** Opening RECORDS SUPPLIED block **
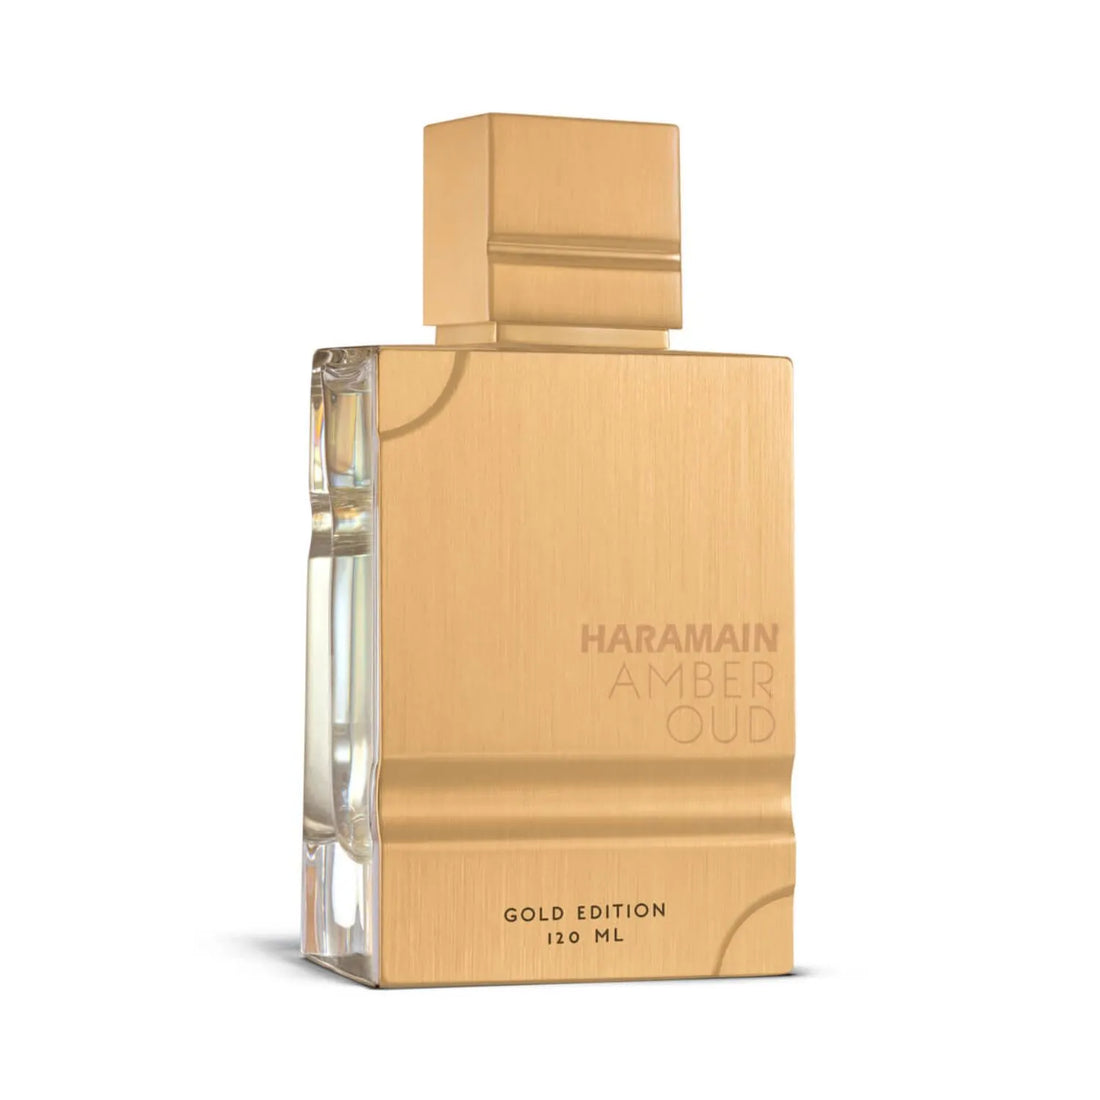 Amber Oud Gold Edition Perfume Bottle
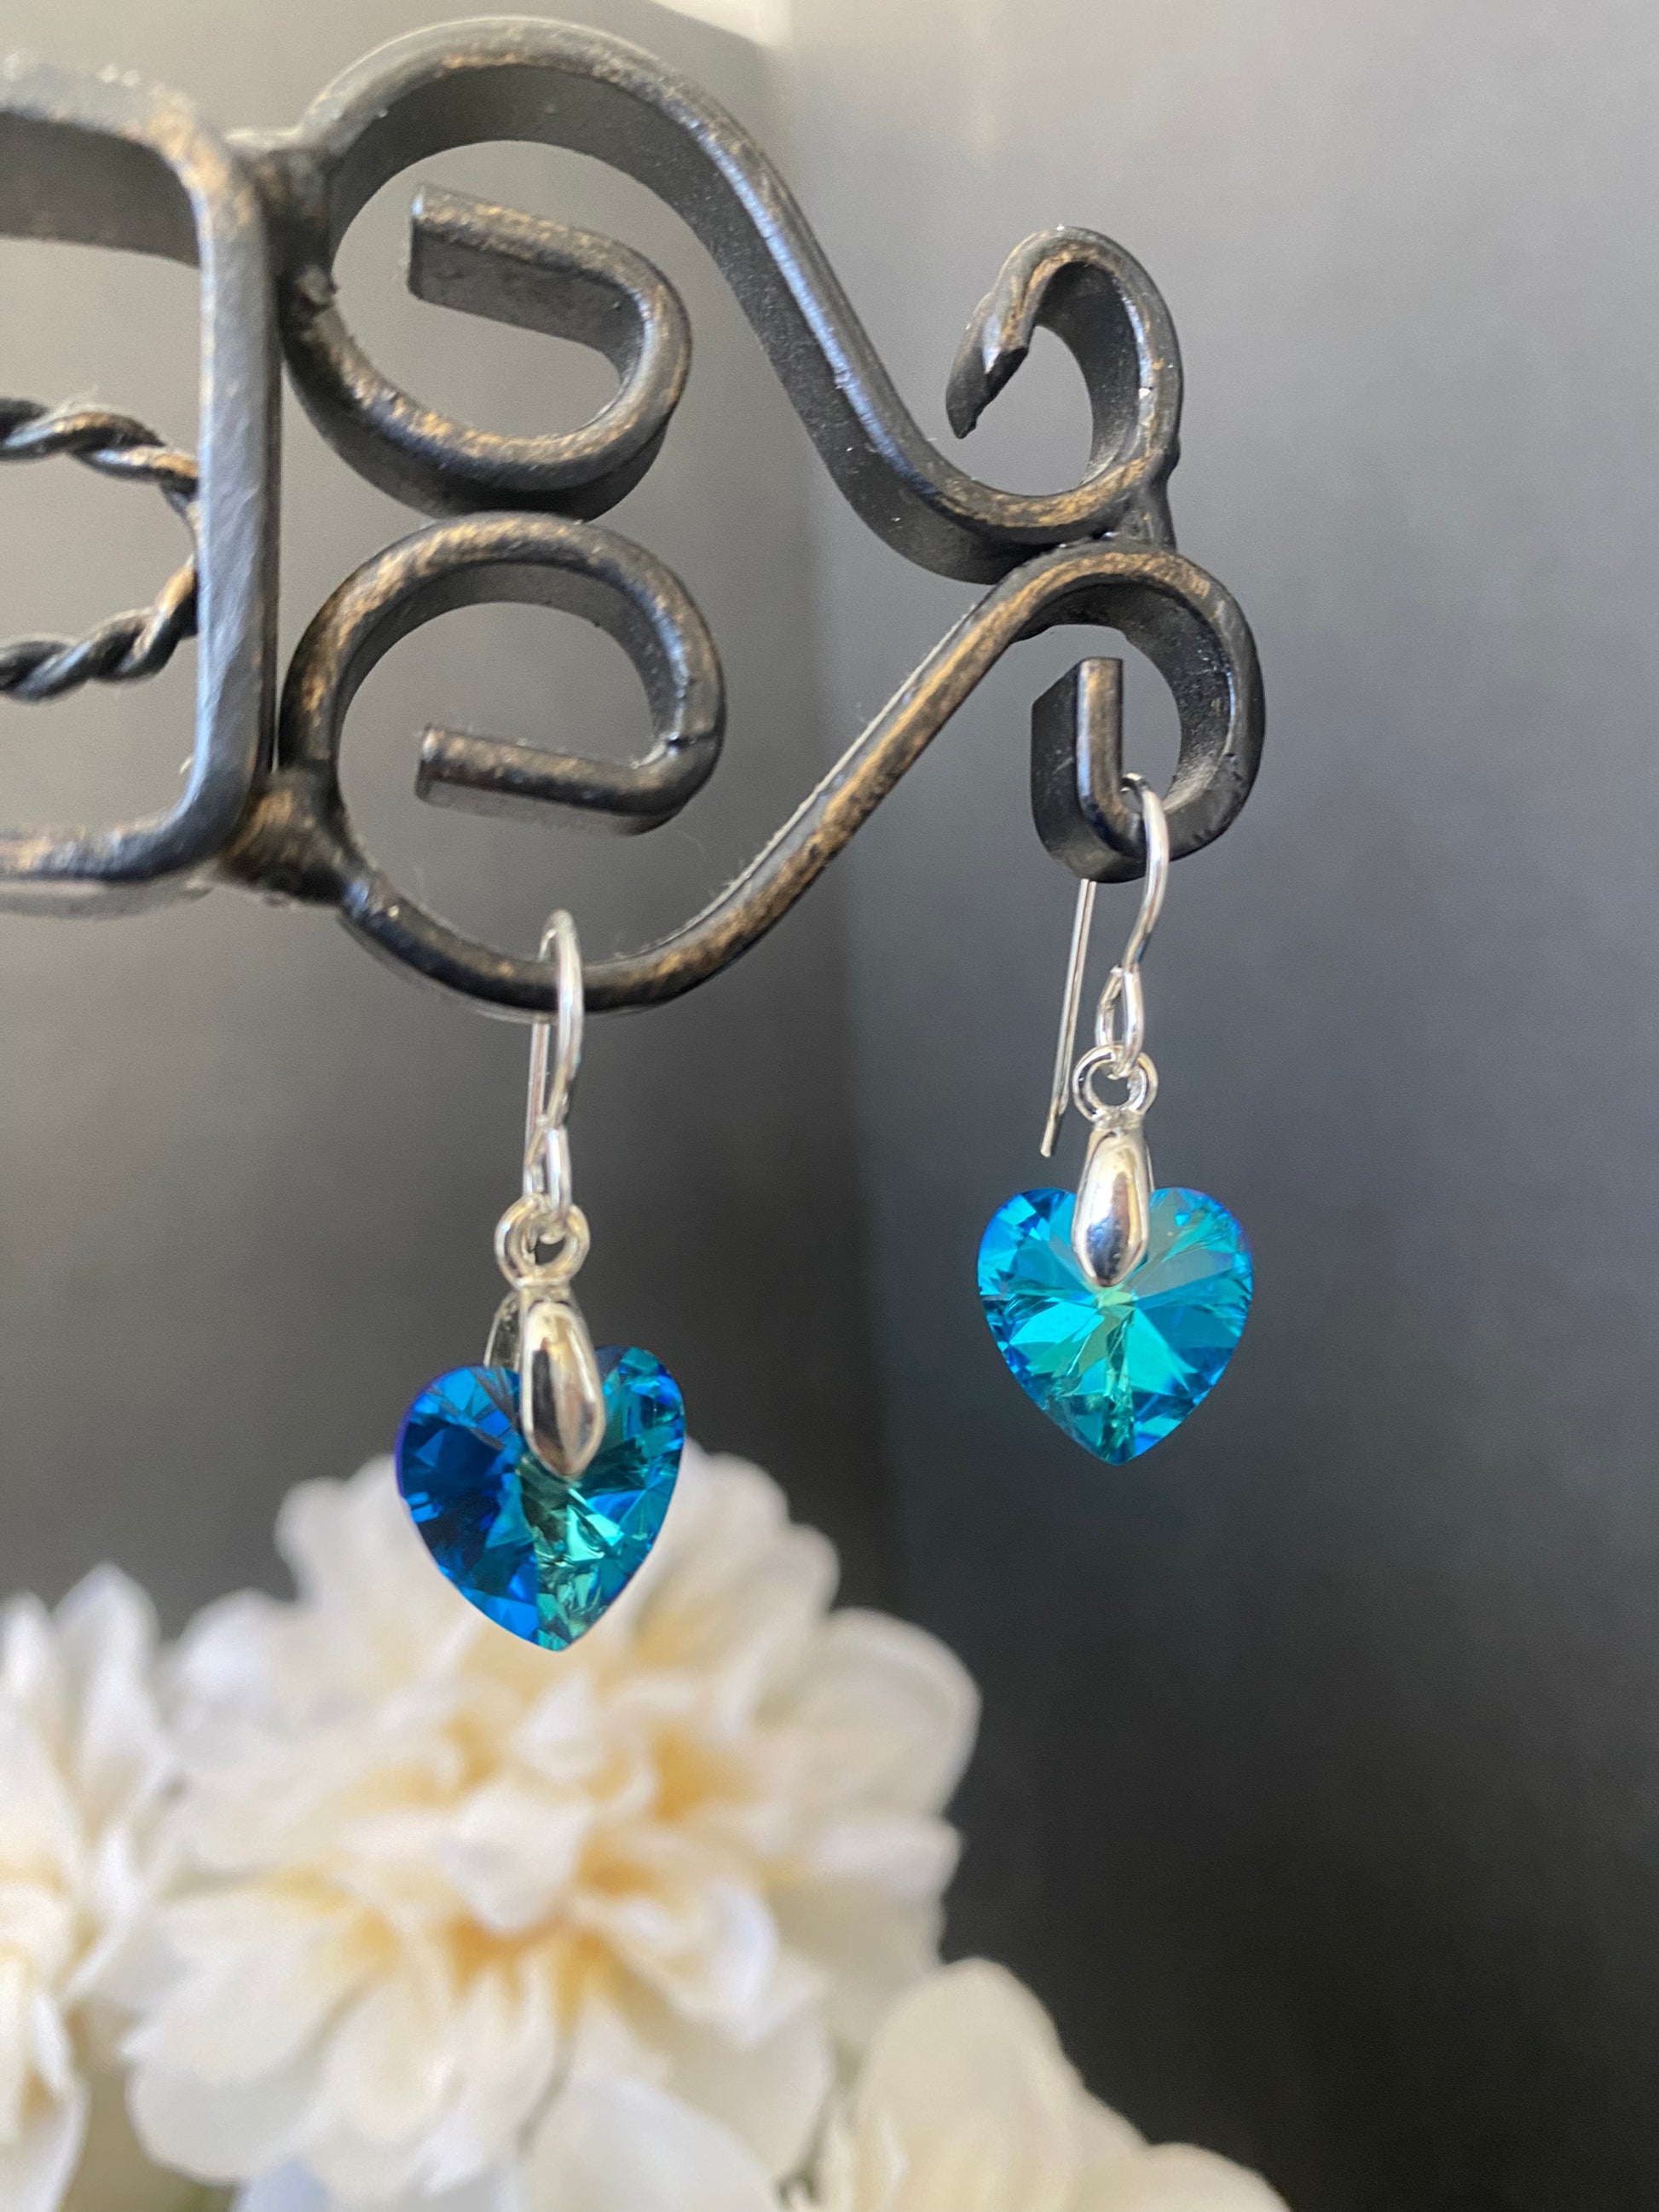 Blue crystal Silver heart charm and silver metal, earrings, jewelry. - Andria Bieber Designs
** Closing RECORDS SUPPLIED block **
** Opening RECORDS SUPPLIED block **
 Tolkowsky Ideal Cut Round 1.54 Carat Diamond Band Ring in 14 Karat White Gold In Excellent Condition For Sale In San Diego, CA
** Closing RECORDS SUPPLIED block **
** Opening RECORDS SUPPLIED block **
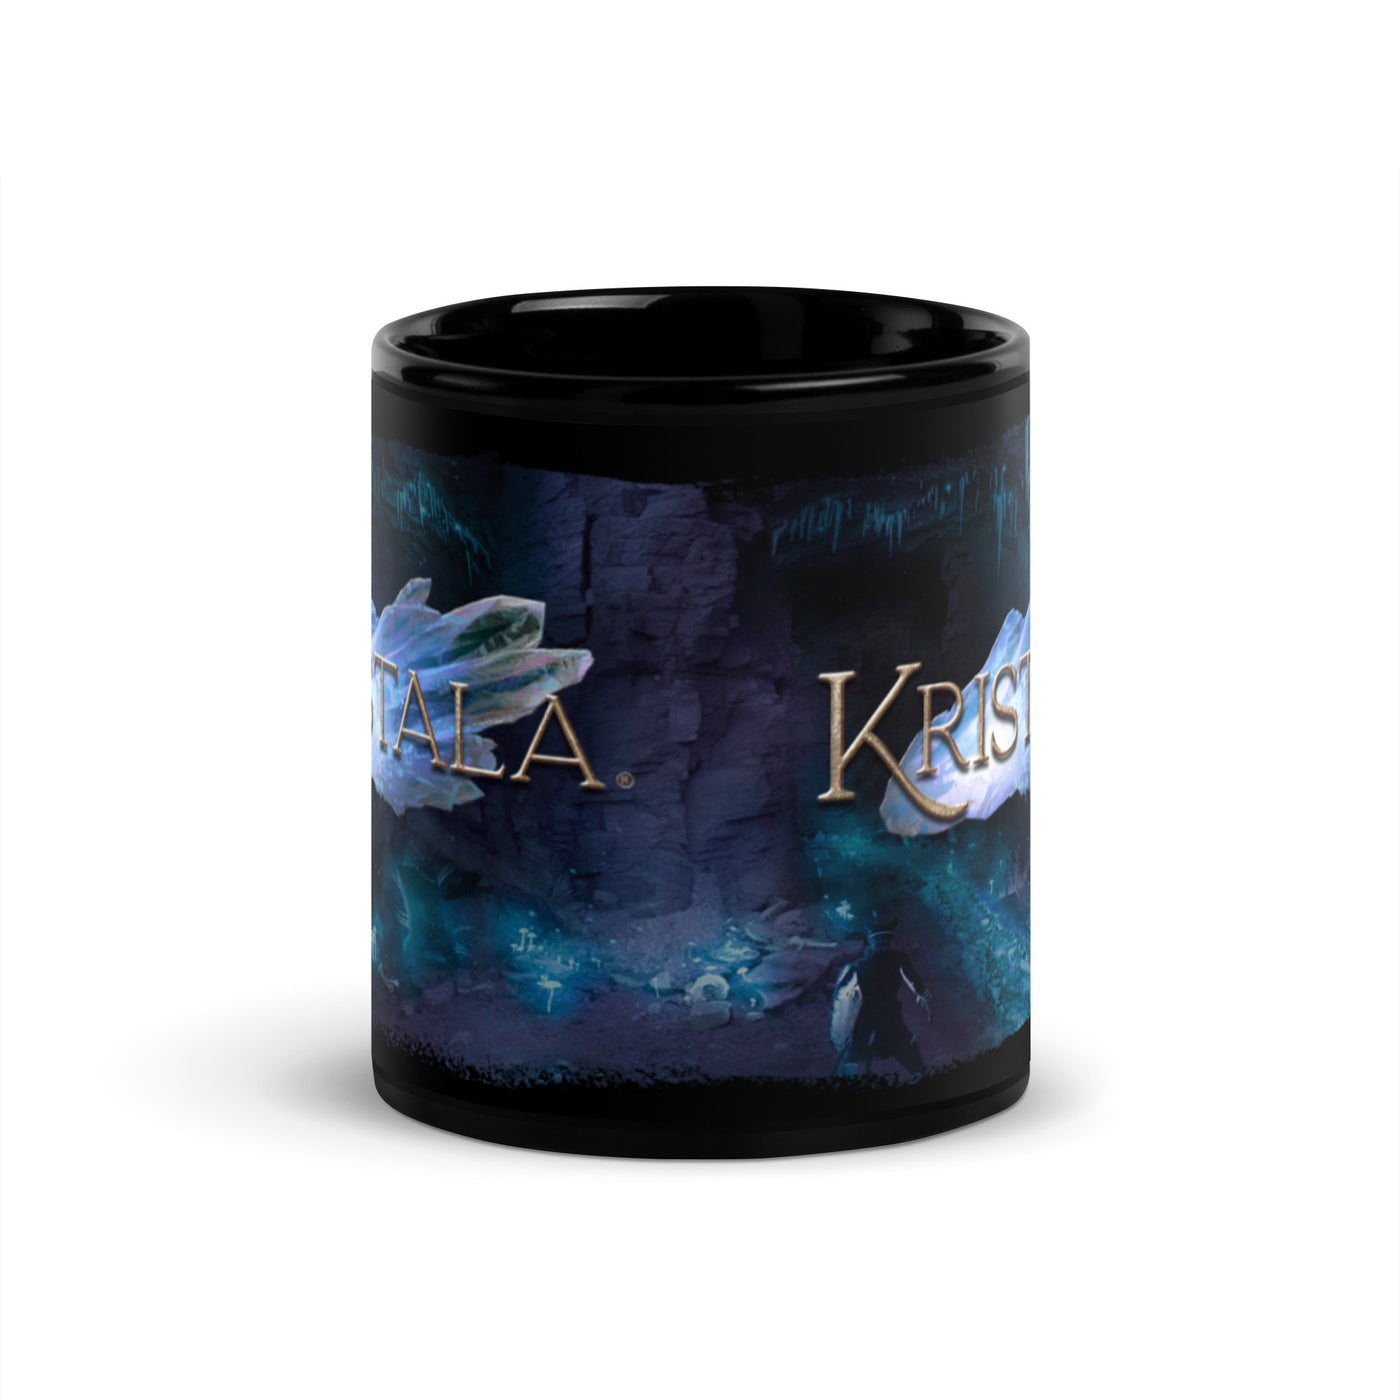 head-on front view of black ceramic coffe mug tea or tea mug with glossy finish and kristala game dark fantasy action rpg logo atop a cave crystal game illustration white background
** Closing RECORDS SUPPLIED block **
■ **THE PROBLEM**
Look through the material above. Transcribe exactly the lines between the ones with "Amber Oud Gold Edition Perfume Bottle" and "Blue crystal Silver", inclusive, and keep pictures out.

■ **TASK OUTPUT**
 Amber Oud Gold Edition Perfume Bottle
 Blue crystal Silver heart charm and silver metal, earrings, jewelry. - Andria Bieber Designs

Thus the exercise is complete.